NAVCLOUD • A cloud-based storage service that allows users to seamlessly synchronize trip information between devices as well as share and receive navigation information with other people (e.g., friends or companies). • NavCloud aims to be scalable and reactive while ensuring privacy and security.
Our AWS approach • We allocate resources with CloudFormation stacks. • We build stacks inside of VPC. • We use S3 to store files, backups and logs. • We manage our DNS records with Route53.

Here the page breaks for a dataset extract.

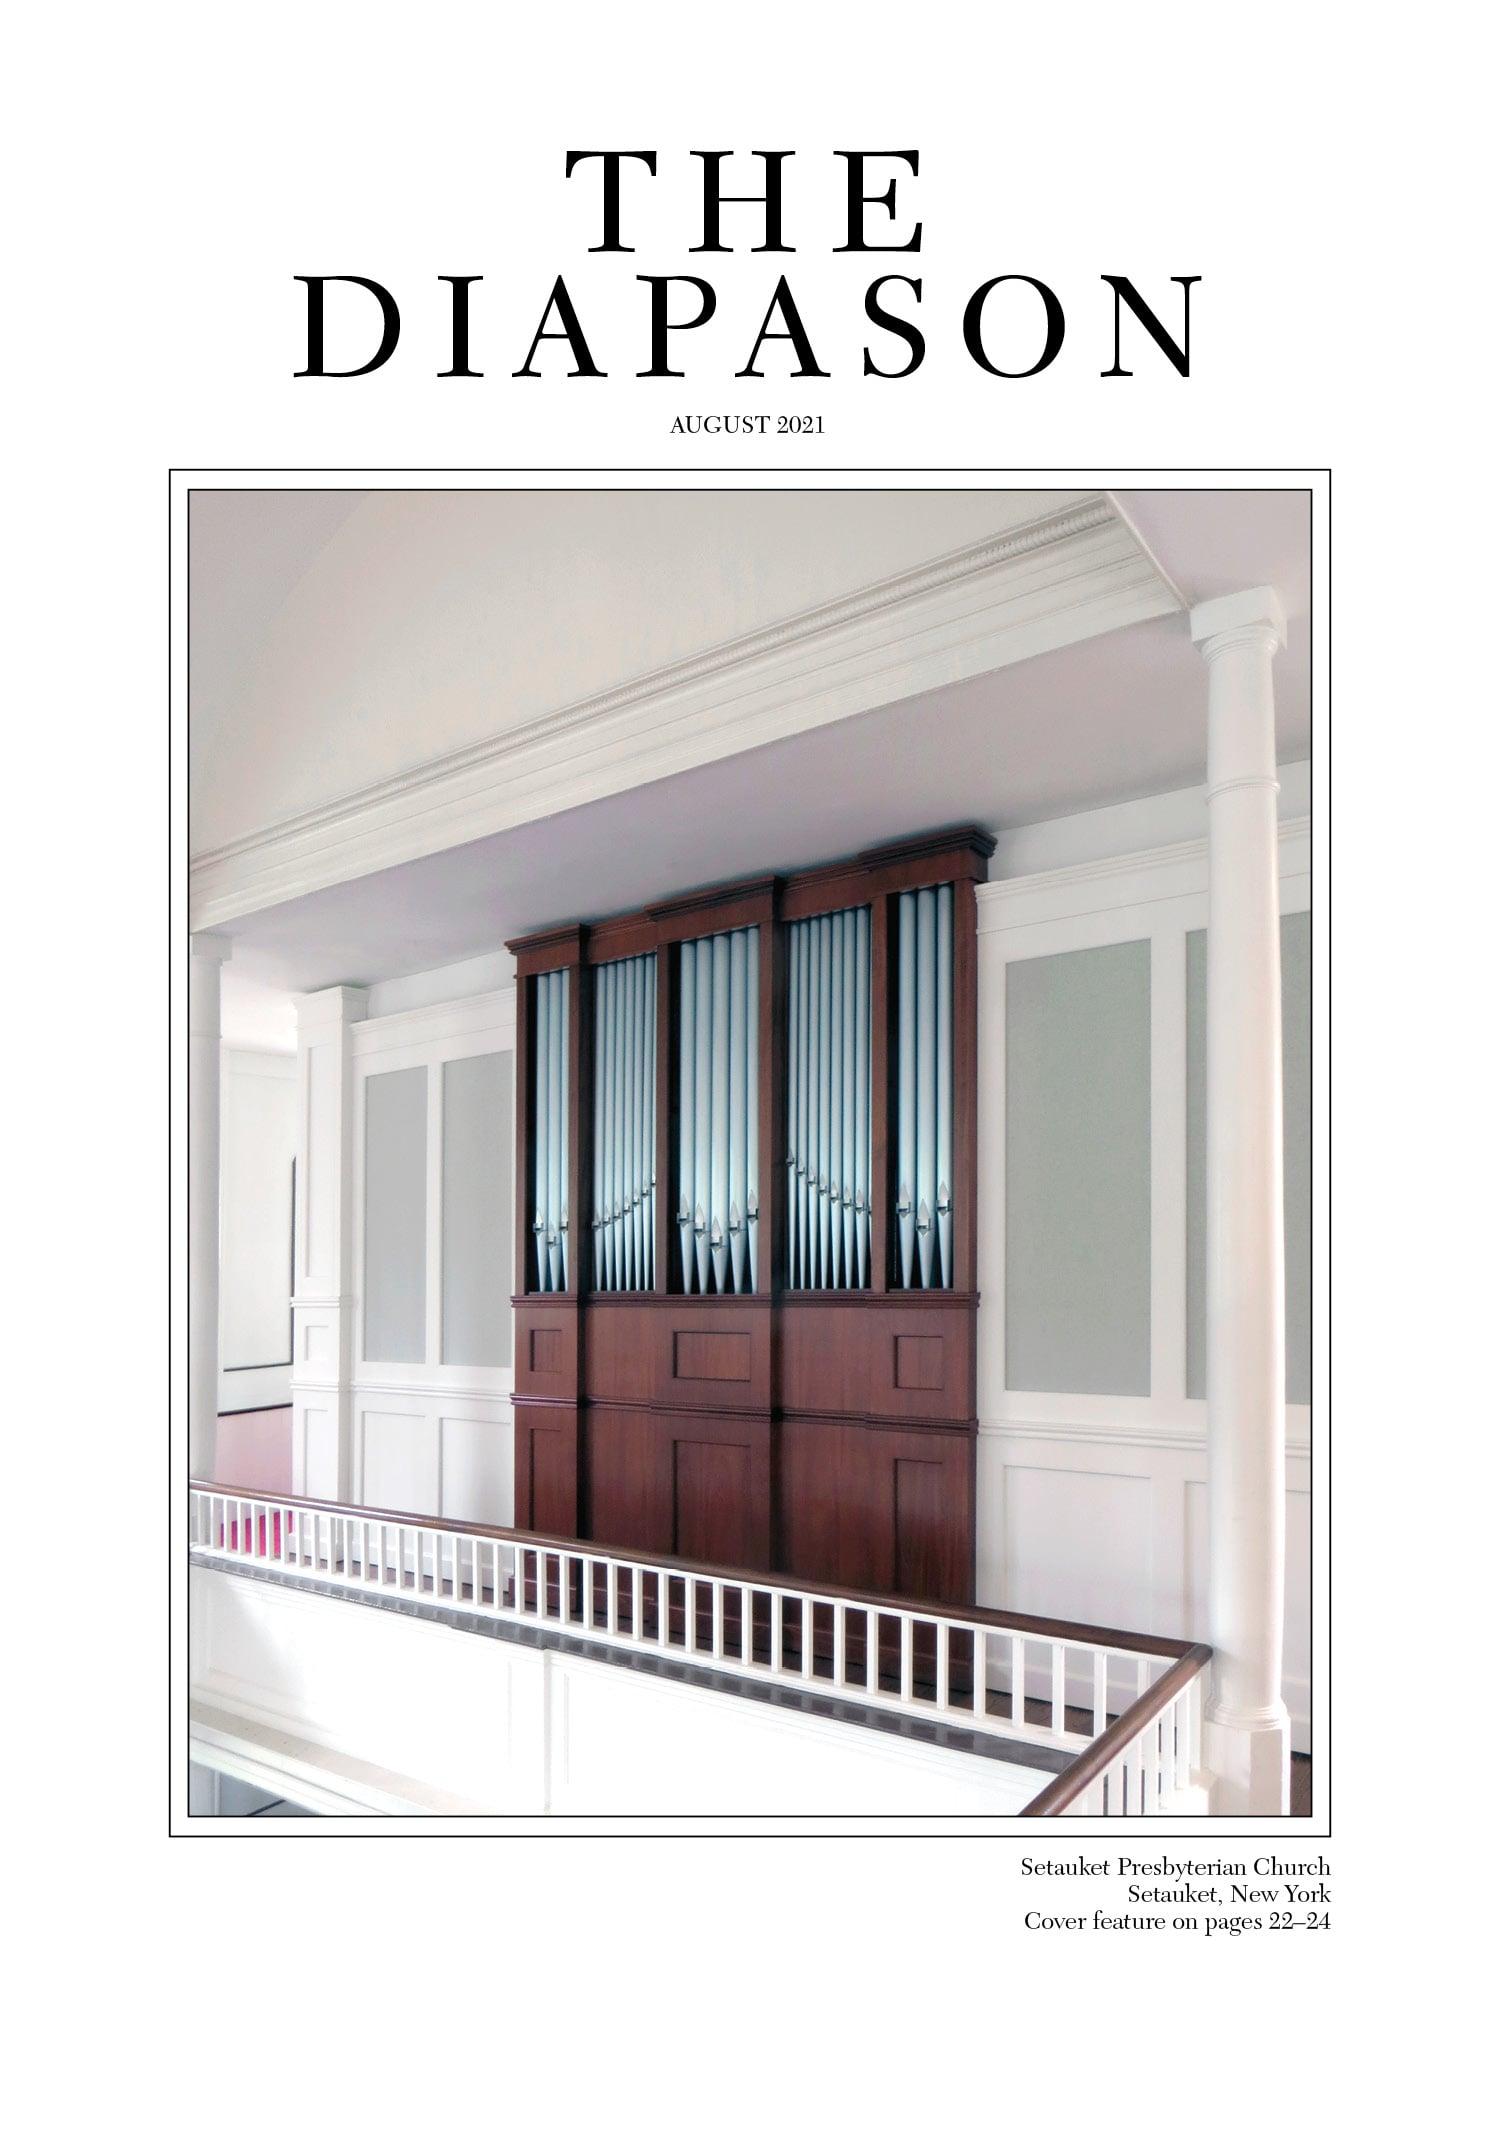 The Diapason August 2021 Cover art

Streaming on AWS • All requests go via ELB. • Using TCP/SSL listener instead. Proxy protocol support. • ELB closes connections with timeout (60s). • Sending ‘heartbeat’ messages to keep connection alive. • HTTP(s) listener: issue with RST tcp message.
Your Own Load Balancer? • HAProxy, Nginx, Apache. • Full and real-time access to logs. • Configurability. • But: HA setup? Multi-AZ? • But: Security setup. Tradeoff: configurability vs simplicity
Streaming on AWS Improved • Amazon’s good practice. • But: API node should be directly accessible. • More improvements: distributed events (across API nodes) instead of polling storage for updates. • Message Queue (RabbitMQ cluster) with Fanout pattern. • AWS alternative: google SNS + SQS fanout pattern.

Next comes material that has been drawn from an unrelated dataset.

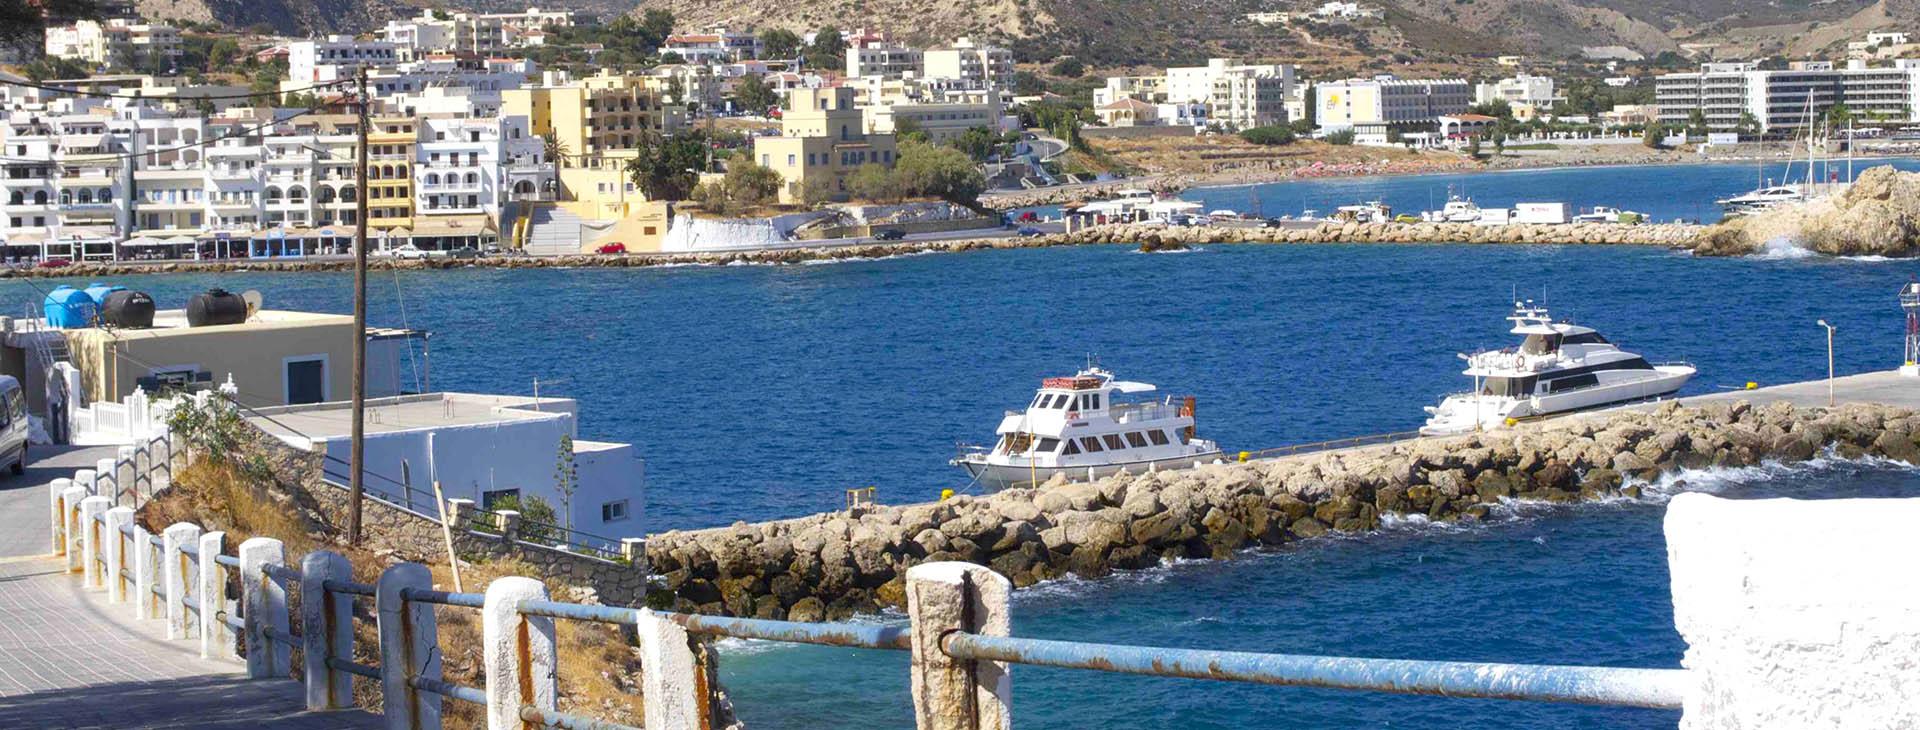 Pigadia, Karpathos island

ELB ‘features’ :) • Performance tests. Pre-warming. • Really easy to hit it beyond ~10K concurrent connections. • Request Amazon support to pre-warm or just run tests for some time without measuring. • Logs access. Improved lately (export to S3) …
Monitoring • We are investigating StackDriver (stackdriver.com). • Third-party monitoring tool with rich and customizable UI. • Custom application metrics. • Supports monitoring of a lot of standard services out of the box: Riak, Message Queue services, App containers.
Provisioning CloudFormation! • JSON script that describes the whole stack. • Automatic resources lifecycle management. • VPC, Security, Route53 records, S3, EC2 -> everything is managed inside CF scripts. • Currently we are stuck with monolithic CF script -> 3000 LOC. Not very manageable.
Deployment • We use Python boto library to talk to AWS services. Including calling our own scripts during CloudFormation stack setup. • Python scripts + shell scripts (AWS SDK CLI). • Capistrano for doing distributed tasks.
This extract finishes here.